Reloading Saml2RelyingPartyRegistrations with help of Saml2RelyingPartyRegistrationConfiguration

[dawi]

The spring-security-saml extension provides a HTTPMetadataProvider which is able to automatically refresh SAML metadata in configurable intervals. It would be nice if this feature would also be supported by spring security, but I'm afraid that this feature is out of scope of this library (spring-projects/spring-security#9134).

This is ok, because this feature can be realized fairly simple by implementing a custom RelyingPartyRegistrationRepository.

However the user has to write a lot of code that is already part of Spring Boot and Spring Security internally (e.g. reading certificates, thinking about configuration properties, ...).

It would be nice if a user could just use the existing Spring Boot SAML configuration like this (example on github):

public ReloadingRelyingPartyRegistrationRepository(Saml2RelyingPartyProperties properties) {
    this.properties = properties;
    refreshRelyingPartyRegistrations();
}

@Scheduled(fixedDelayString = "${metadata-refresh-interval}", initialDelay = 10_000)
private void refreshRelyingPartyRegistrations() {

    LOGGER.debug("refreshRelyingPartyRegistrations");

    properties.getRegistration().forEach((registrationId, registrationProperties) -> {

        try {
            registrations.put(registrationId, asRegistration(registrationId, registrationProperties));
        }
        catch (Exception e) {
            LOGGER.warn("Could not refresh RelyingPartyRegistration configuration.", e);
        }
    });
}

My question is, would you consider making the private asRegistration(...) method from Saml2RelyingPartyRegistrationConfiguration in some form accessible to users, so that they don't have to repeat that code? Maybe not in Saml2RelyingPartyRegistrationConfiguration but in a separate utility class?

[dawi]

@philwebb Just curious, are there any news regarding this issue? :)

[philwebb]

Not much I'm afraid. We targeted it to 2.x which means it's a valid issue and something we'd like to fix, we just haven't had the time yet.

[dawi]

@philwebb How likely is it that this will be included in a 2.x release?
With guidance I can maybe help with a pull request.

[philwebb]

A pull-request would be most welcome. There a few options for fixing this, and I'm not sure which would be best.

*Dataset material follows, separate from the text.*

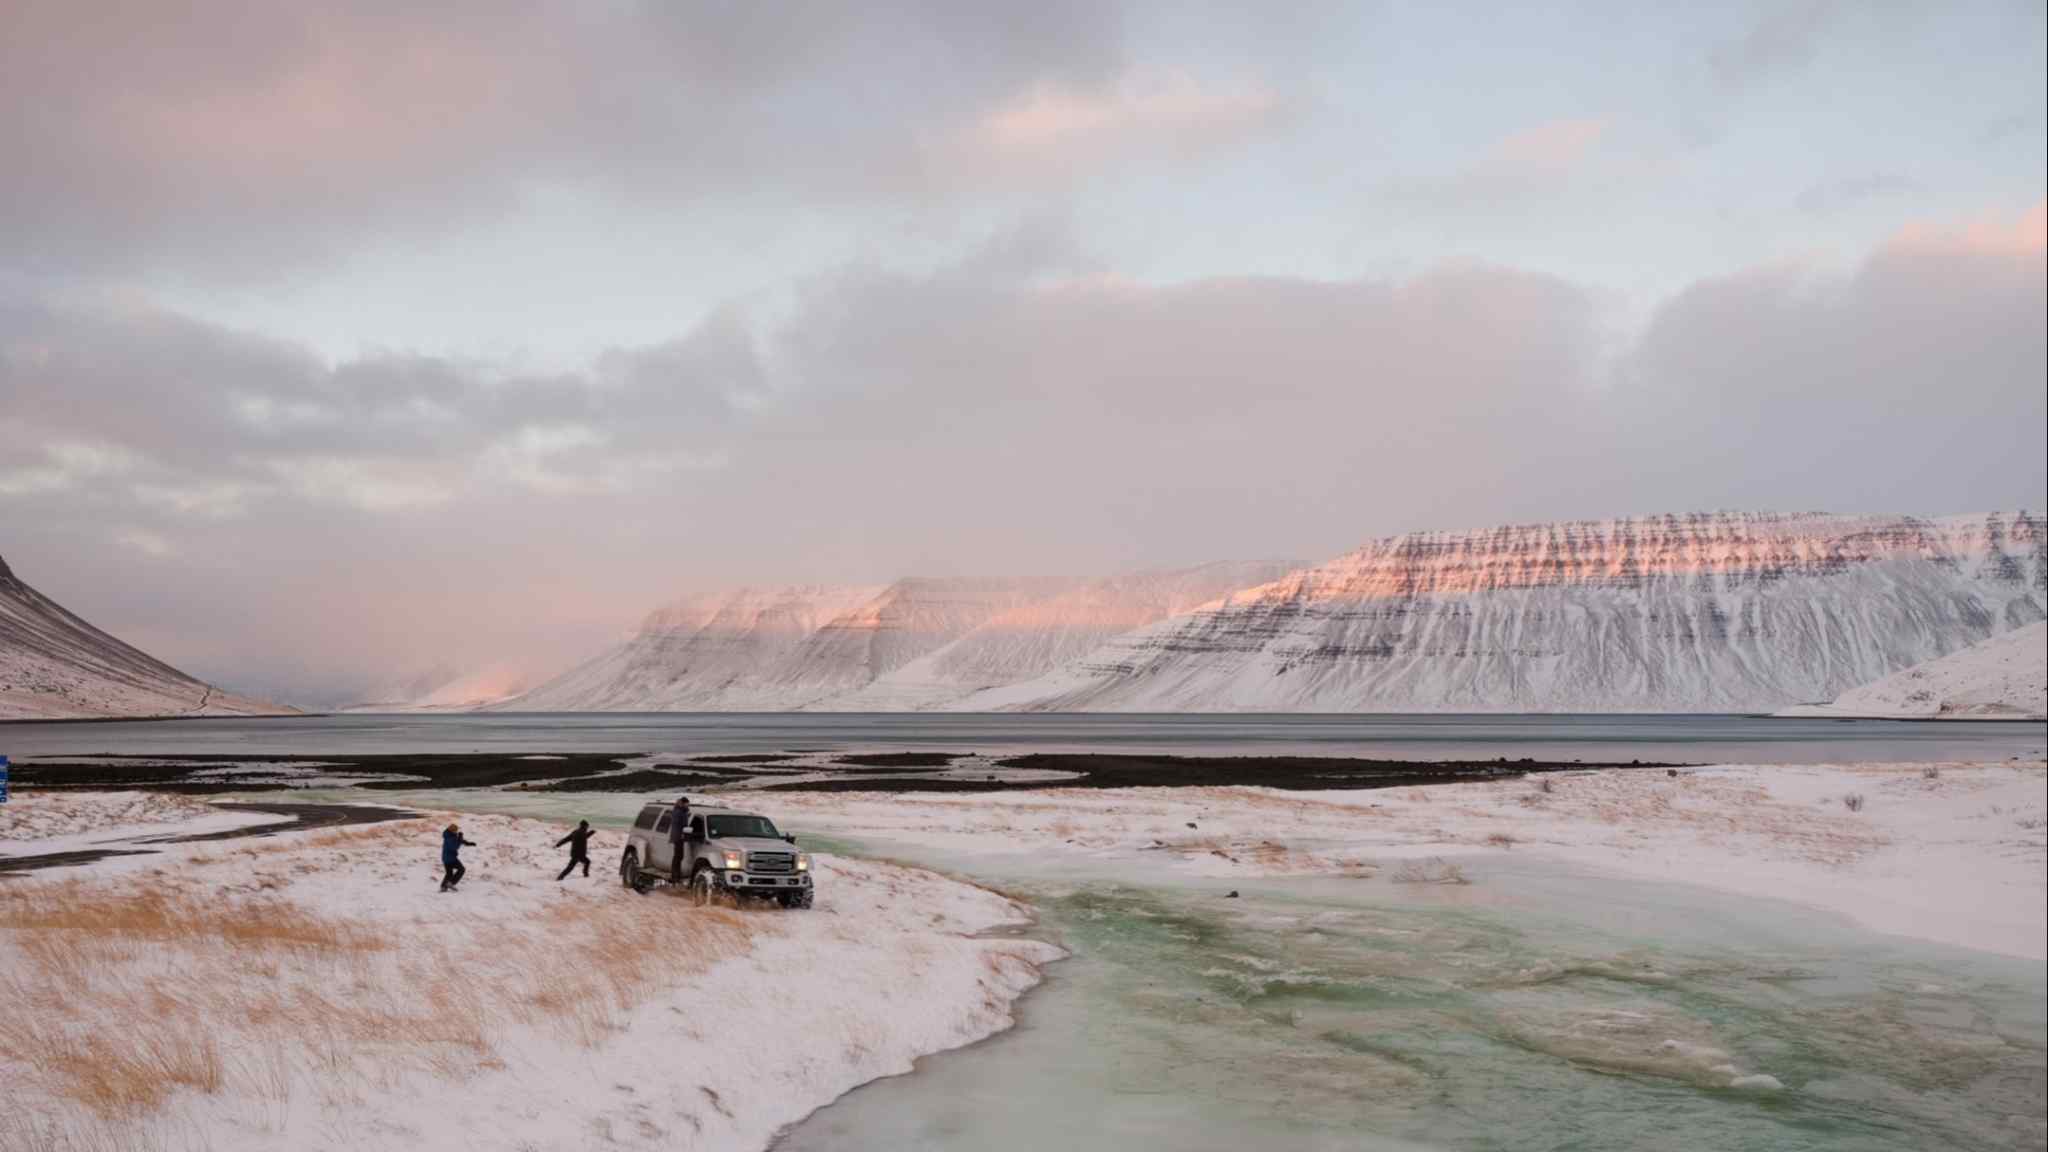 Across Iceland, in the footsteps of WH Auden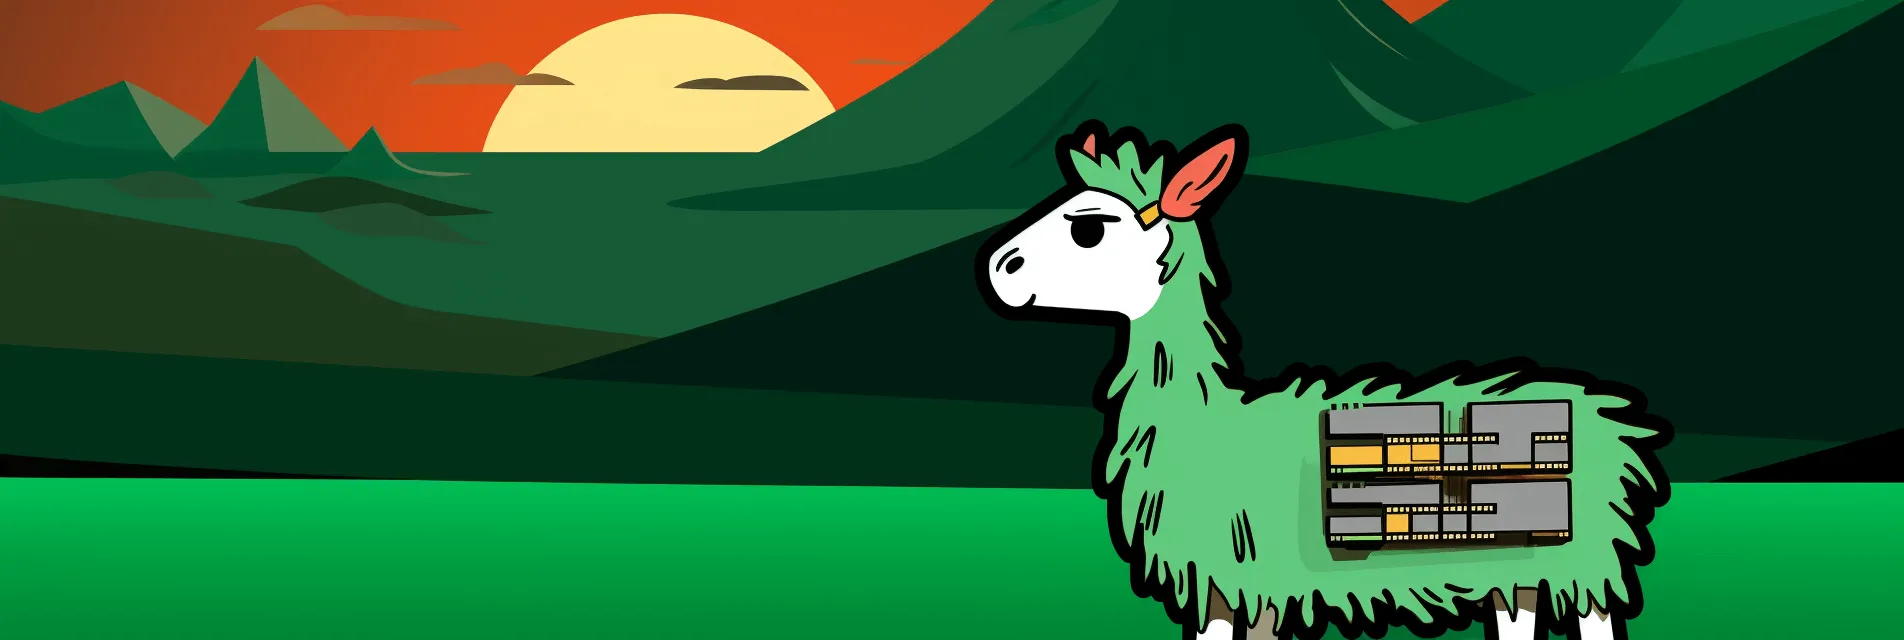 Discover the process of acquiring, compiling, and executing the llama.cpp code on a Linux environment in this detailed post.

We could create a RelyingPartyRegistrationProperyMapper class that contains the existing asRegistration method. This would allow us to do something like:

properties.getRegistration().entrySet().stream().map(RelyingPartyRegistrationProperyMapper::asRegistration)

Another option might be to introduce a RelyingPartyRegistrationRepositoryFactory interface that is given a List<RelyingPartyRegistration> and returns a RelyingPartyRegistrationRepository instance. That would allow us to keep the auto-configuration logic hidden but still allow users to plugin a different RelyingPartyRegistrationRepository implementation.

Flagging for team attention to see if there's a preference.

[mbhave]

Adding a RelyingPartyRegistrationRepositoryFactory could get confusing because then there would be two ways to supply a custom RelyingPartyRegistrationRepository . The auto-configuration would need to use the RelyingPartyRegistrationRepositoryFactory bean to create a RelyingPartyRegistrationRepository but back off in the presence of a user-provided RelyingPartyRegistrationRepository .

Given that it's cumbersome to get a list of RelyingPartyRegistrations from properties, moving asRegistration to a public util class would make sense.